А Люська нашла и съела.
А теперь ревет, потому что брату верит безоговорочно, хотя и бесконечно ябедничает на него отцу.
— Что же ты ее, бедную, так напугал? — спрашивает Дашка Дзюбу безо всякого сожаления в голосе и поглядывает на меня украдкой.
— Чтобы знала! — ворчит Дзюба, прослеживая Дашкин взгляд.

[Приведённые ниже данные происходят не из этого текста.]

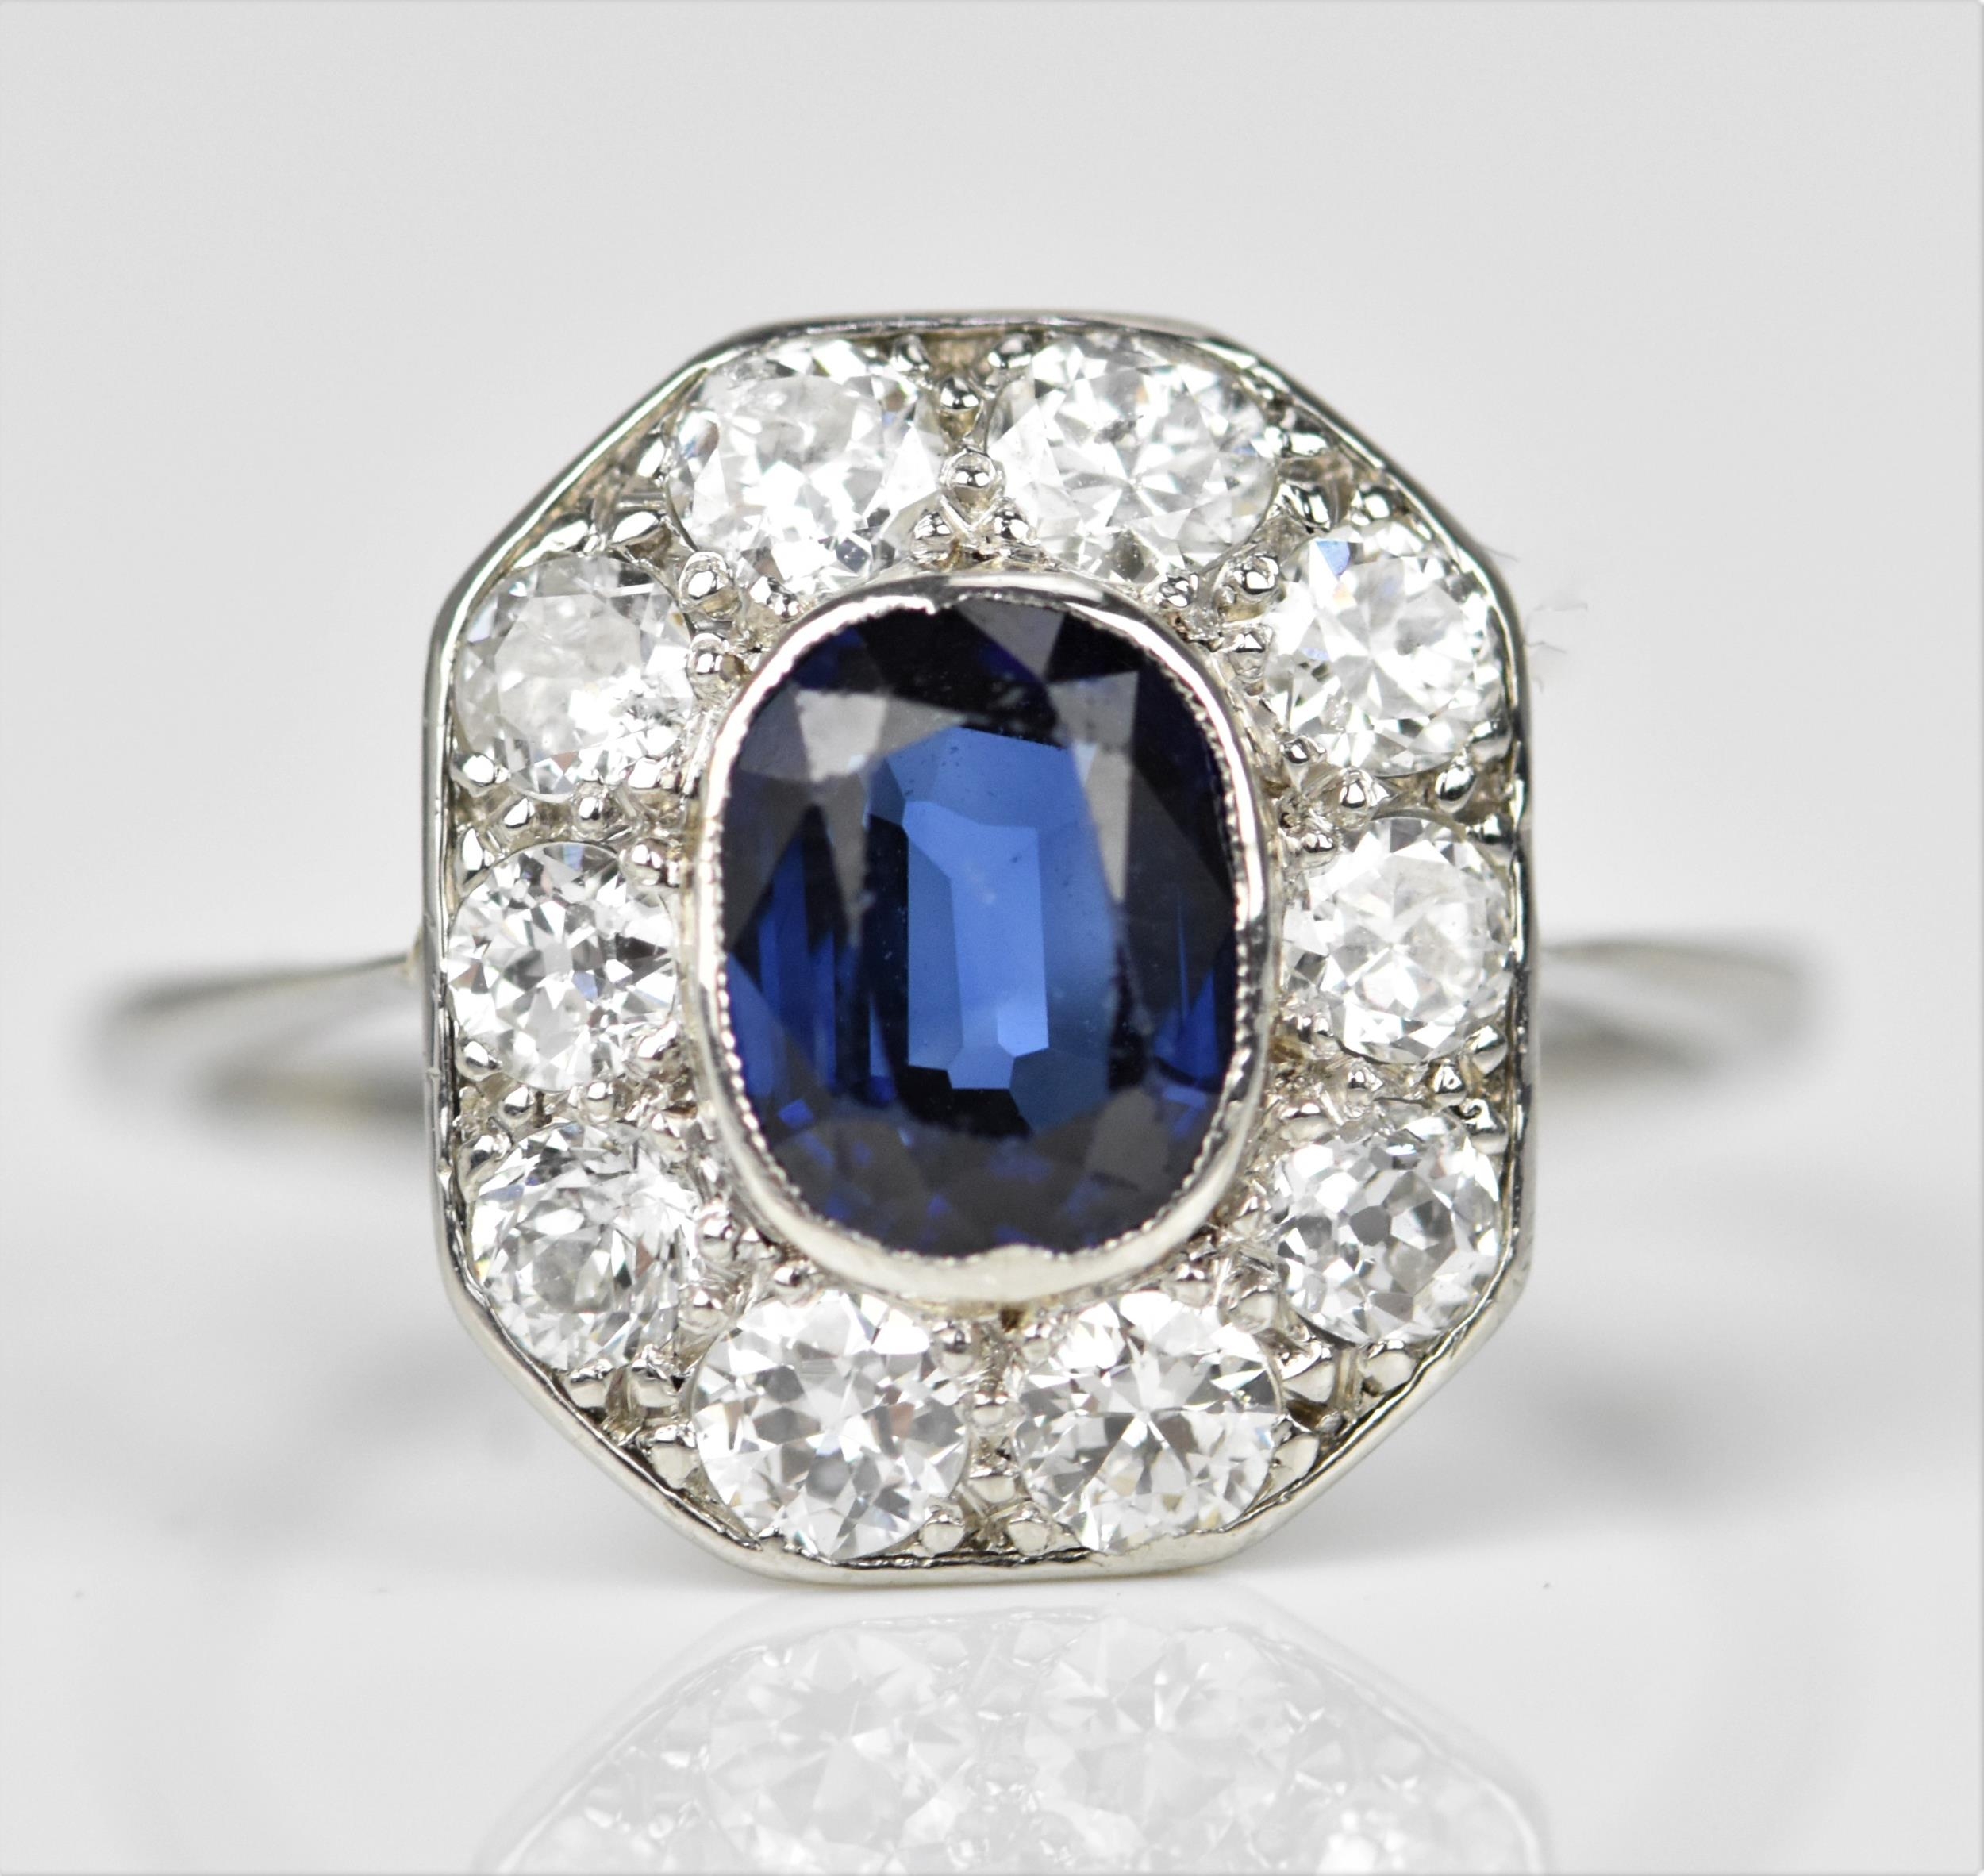 An Art Deco platinum, diamond and sapphire dress ring, the central deep blue sapphire in a

Ерохина закладывает за ухо непослушную прядь, но делает это очень медленно, чтобы мы успели разглядеть ее новые часики — маленькие, аккуратные, на блестящем темно-сером ремешке.

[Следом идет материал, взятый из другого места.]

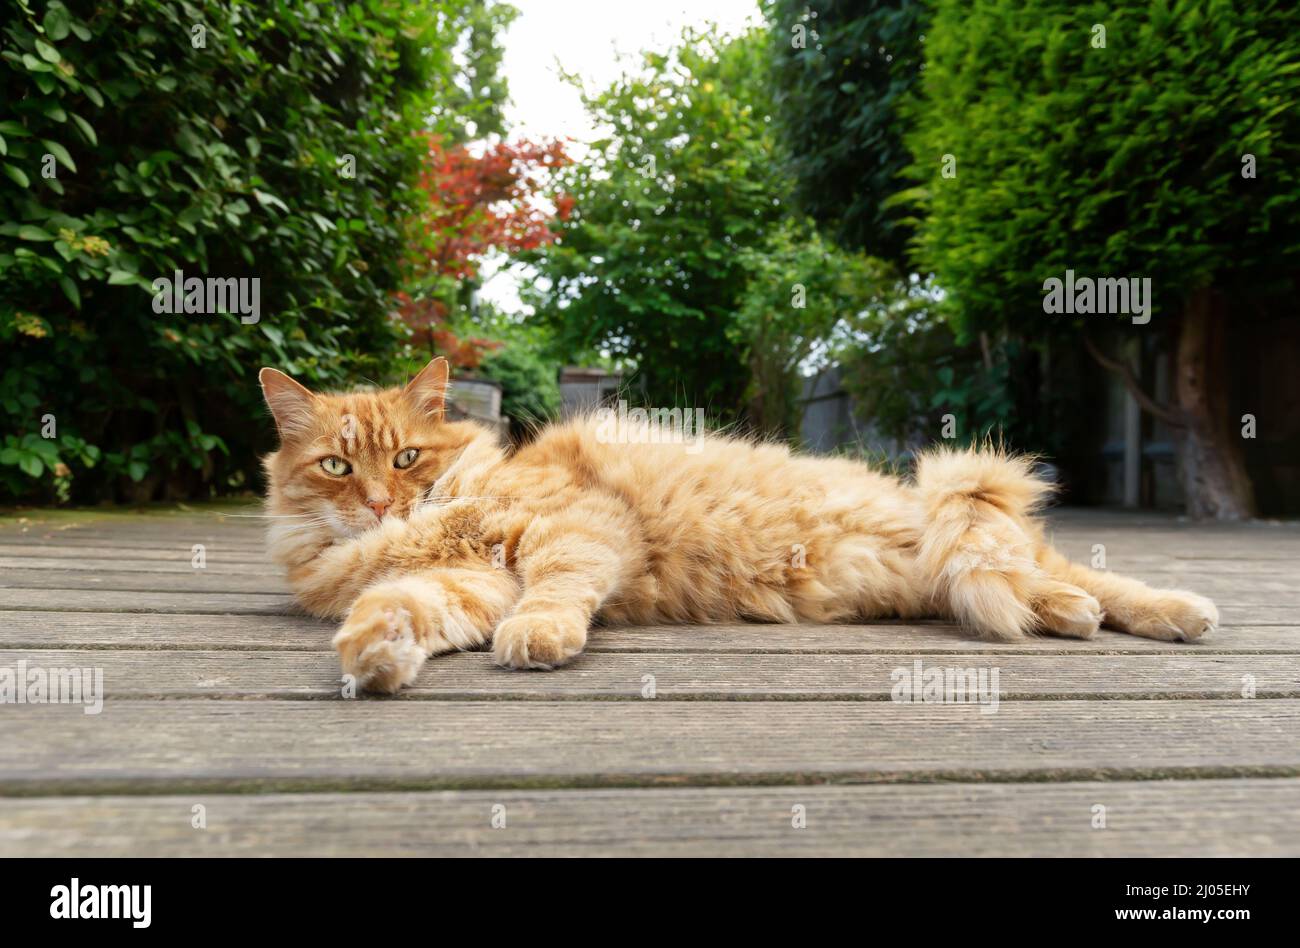 Close-up of a ginger cat lying on the wooden patio decking in a garden, UK. Stock Photo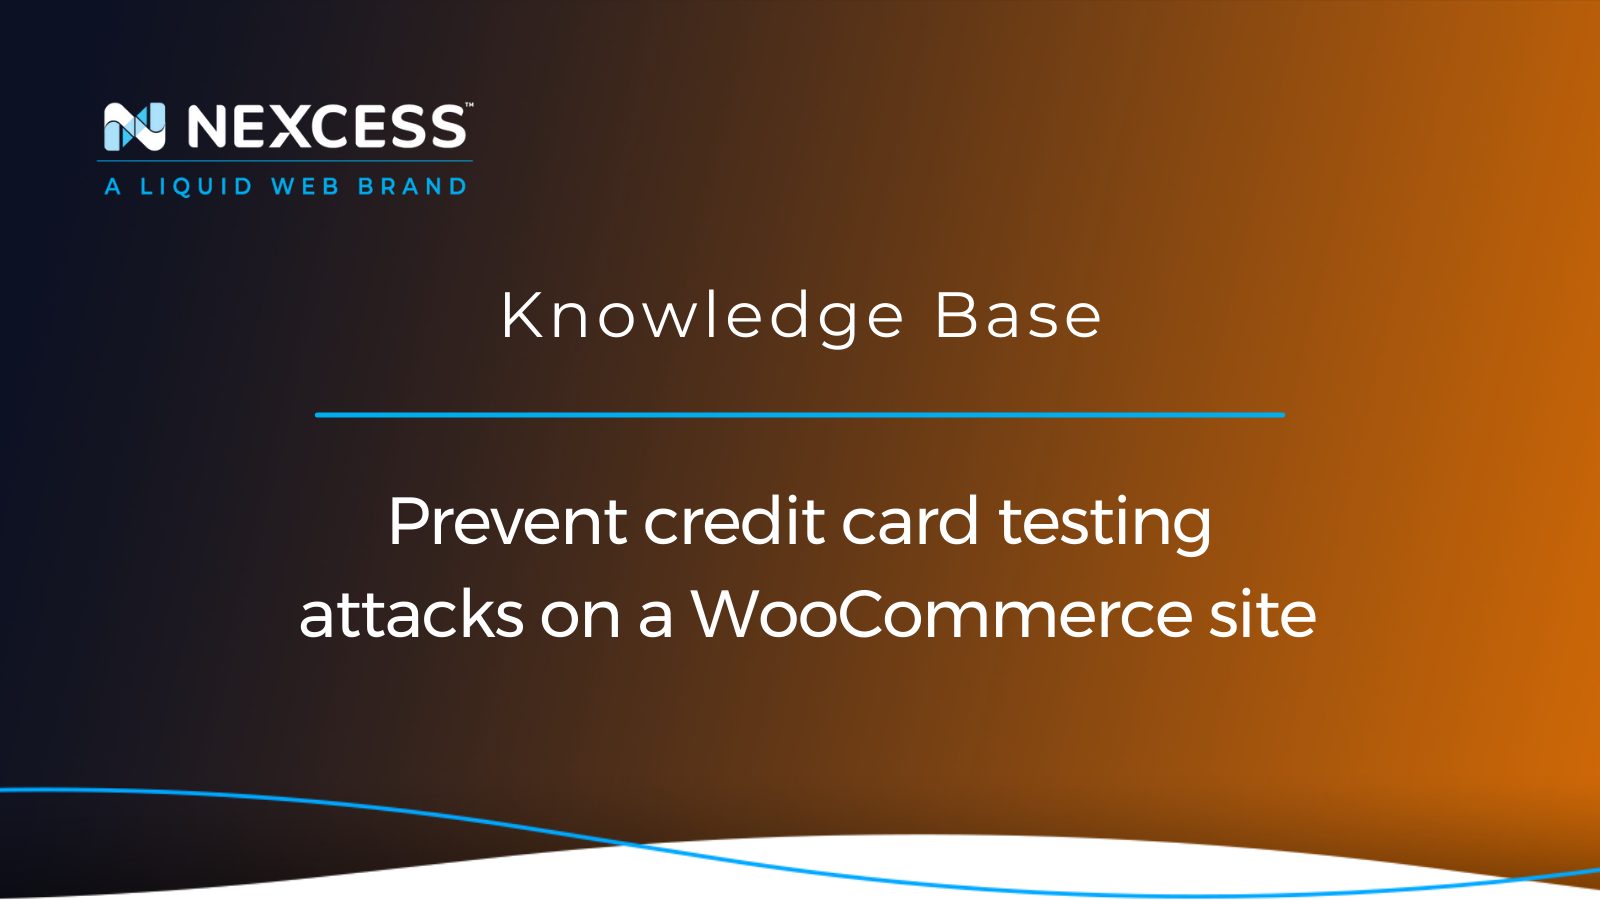 Prevent credit card testing attacks on a WooCommerce site

Но я вижу не новые часы, а тонкую царапину на запястье, чуть ниже застежки, маленькую царапину на узком Дашкином запястье, рядом с бледной голубой жилкой. И мне вдруг становится тяжело дышать и начинает ныть где-то в животе, сладко и странно.
— Пошли, — говорит мне Дзюба и толкает меня в бок. — Чего встал? Пошли!
— Красивые часы, — говорю я, чтобы что-то сказать.
Дашка медленно подносит руку к глазам.
— Ой, уже половина второго! — произносит она с выражением. — Сейчас гастроном закроют!
Мы с Дзюбой стоим и смотрим, как Дашка Ерохина бежит вниз по улице, размахивая пустым пакетом.
Остаток дня Дзюба дуется на меня, а на все вопросы только отмахивается, чем ужасно меня злит. Я не сделал ничего плохого, но все равно чувствую себя виноватым.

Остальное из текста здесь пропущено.